Opened 13 years ago

Closed 11 years ago

#1526 closed defect (fixed)

Problem with widecharacter ISO8211 parsing

Reported by: warmerdam Owned by: warmerdam
Priority: normal Milestone: 1.5.4
Component: OGR_SF Version: 1.5.0
Severity: normal Keywords: s57 iso8211 unicode
Cc: Even Rouault

Description (last modified by warmerdam)

Dear Warmerdam,

I am a programmer in China, and are using your ISO8211 lib to develop
a S57 parser program for a customer. I found a Unicode string decoding problem
as following:

 In your program you are using "chFormatDelimeter" as the splitting character to let user call "ExtractStringData(pszData, iBytesLeft, &iBytesConsumed)", I also found "chFormatDelimeter = DDF_UNIT_TERMINATOR", you have defined DDF_UNIT_TERMINATOR
as 31, normally there is no problem, but if there is a Unicode character (2 bytes)
which contains 31, then these string will be truncated.
I met this problem with the attached S57 000 file!! In this file, the "RCID = 1394,
OBJL = 109" feature contains a  "NOBJNM" string attribute, this string contains a chinese
unicode character, one byte is equal to '31'.
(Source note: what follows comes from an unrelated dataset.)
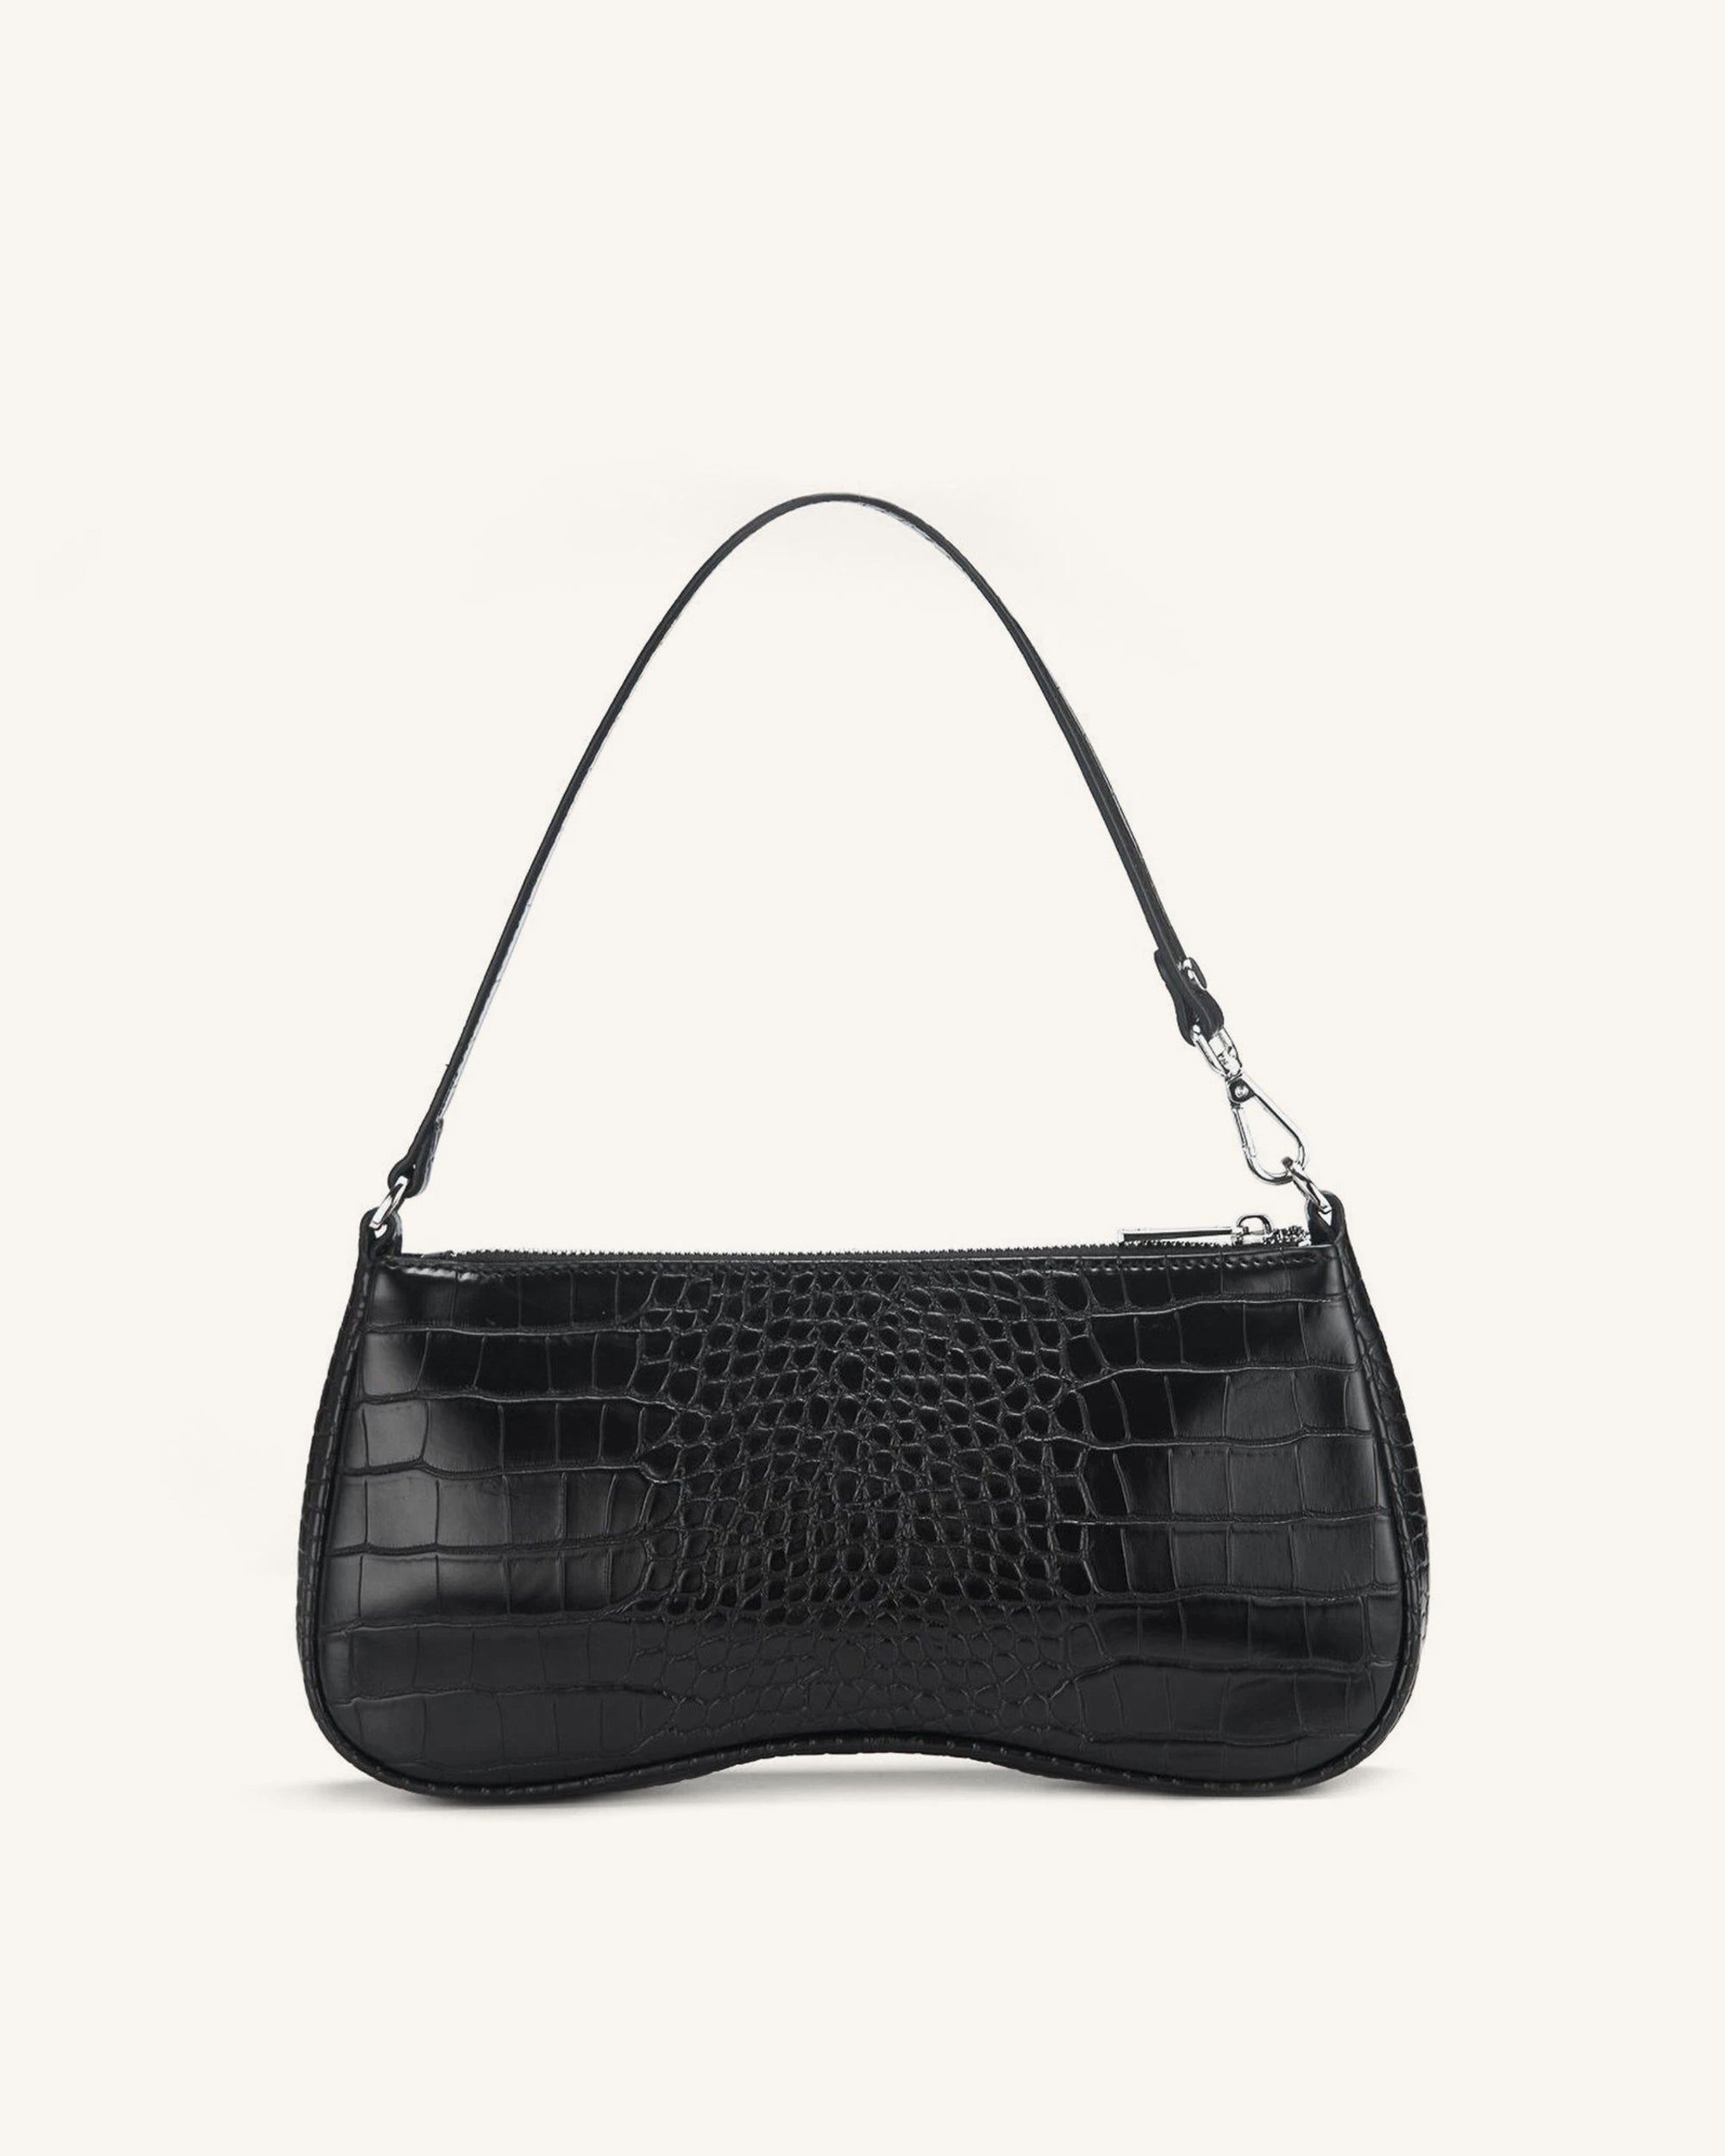 JW Pei Eva Croc Embossed Faux Leather Convertible Shoulder Bag in Black Croc
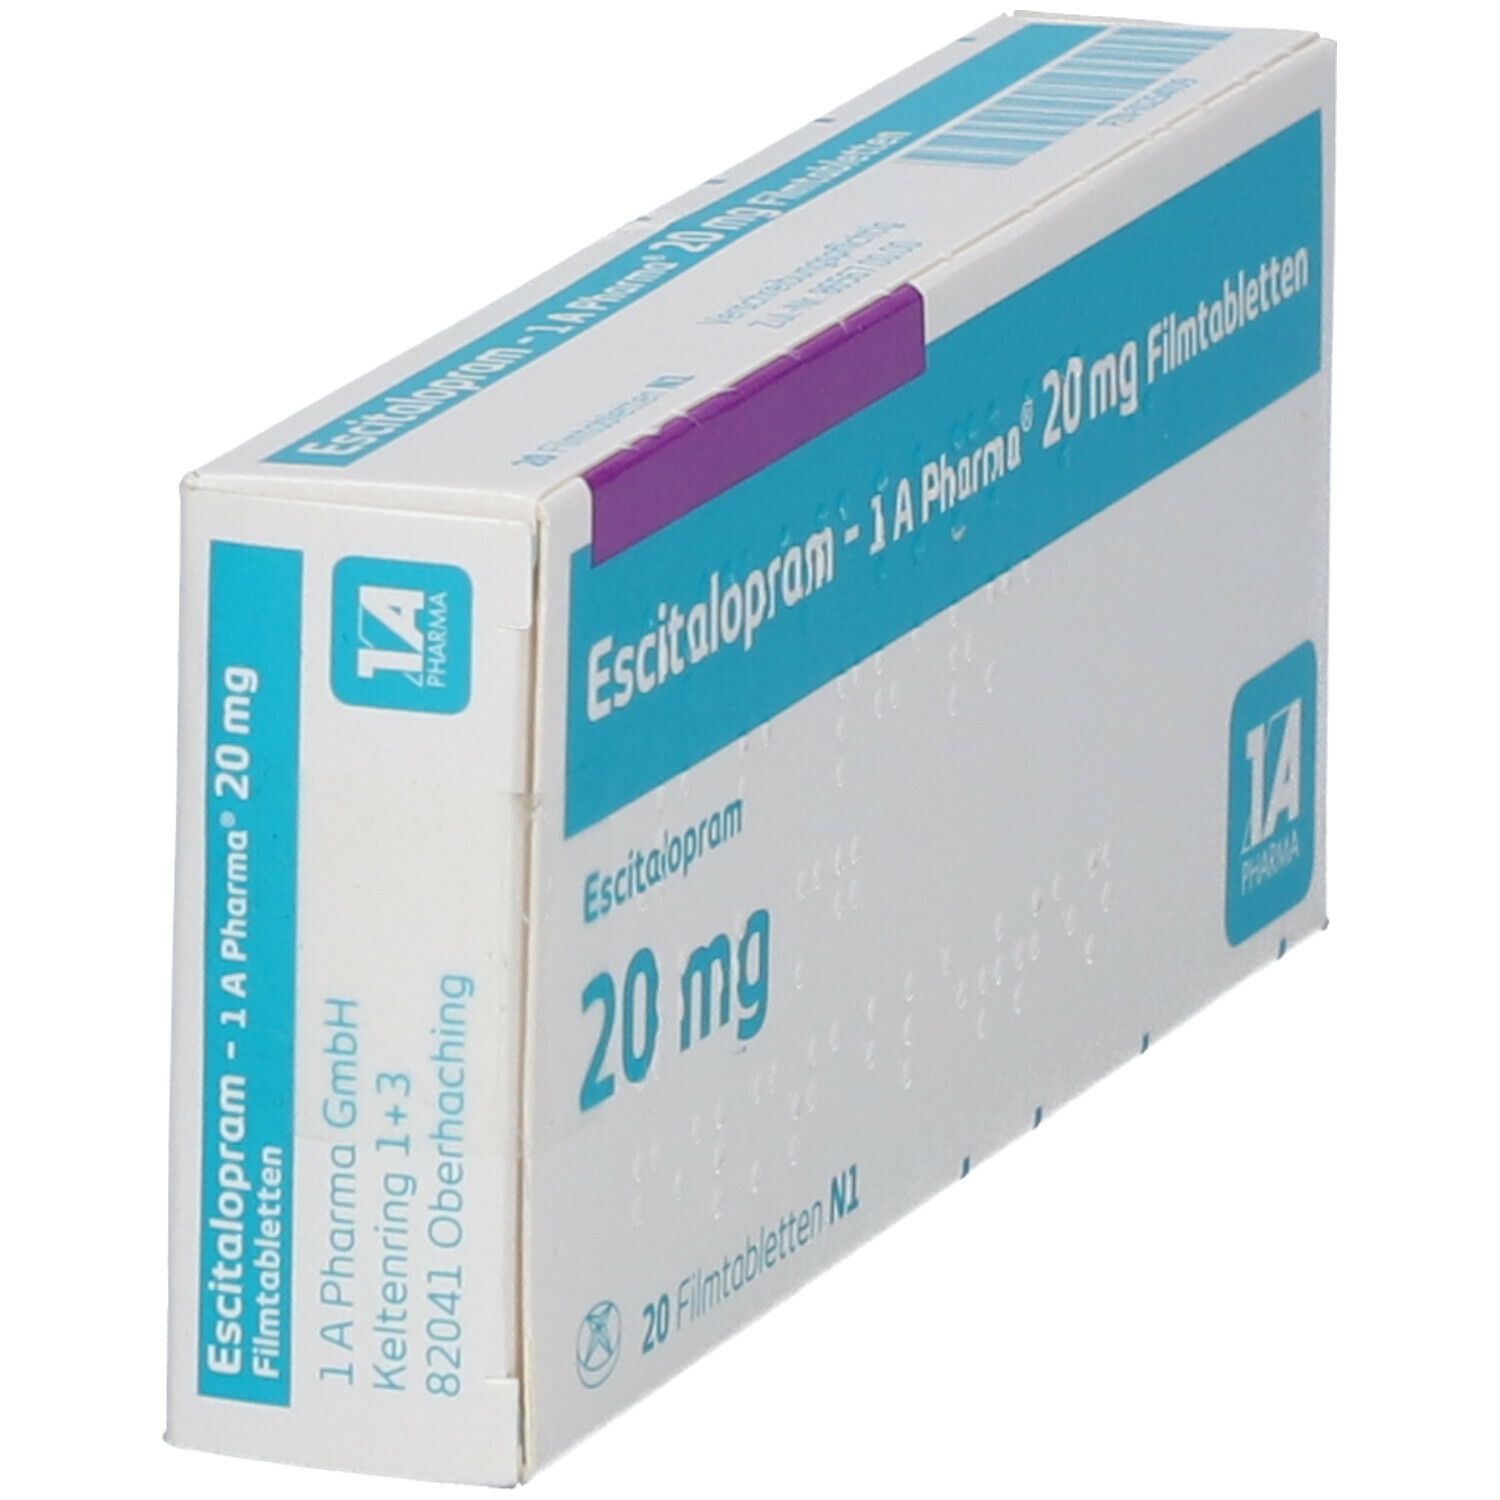 Escitalopram - 1 A Pharma® 20 mg

Because I don't have ISO8211 detailed document, I don't know how to change your codes.
Hope you can help me!

Hope to received your response!

Best regards,
Yanli

Attachments (2)

bug.000 (1.8 KB) - added by warmerdam 13 years ago.
Subset of S-57 file demonstrating bug
gdal_svn_bug1526.patch (3.5 KB) - added by Even Rouault 12 years ago.
Fix bug 1526 (unicode strings in S57 files)

Download all attachments as: .zip

Change History (11)

comment:1 Changed 13 years ago by warmerdam

I have reproduced this problem with the GDAL 1.4.0 version of ISO8211lib. 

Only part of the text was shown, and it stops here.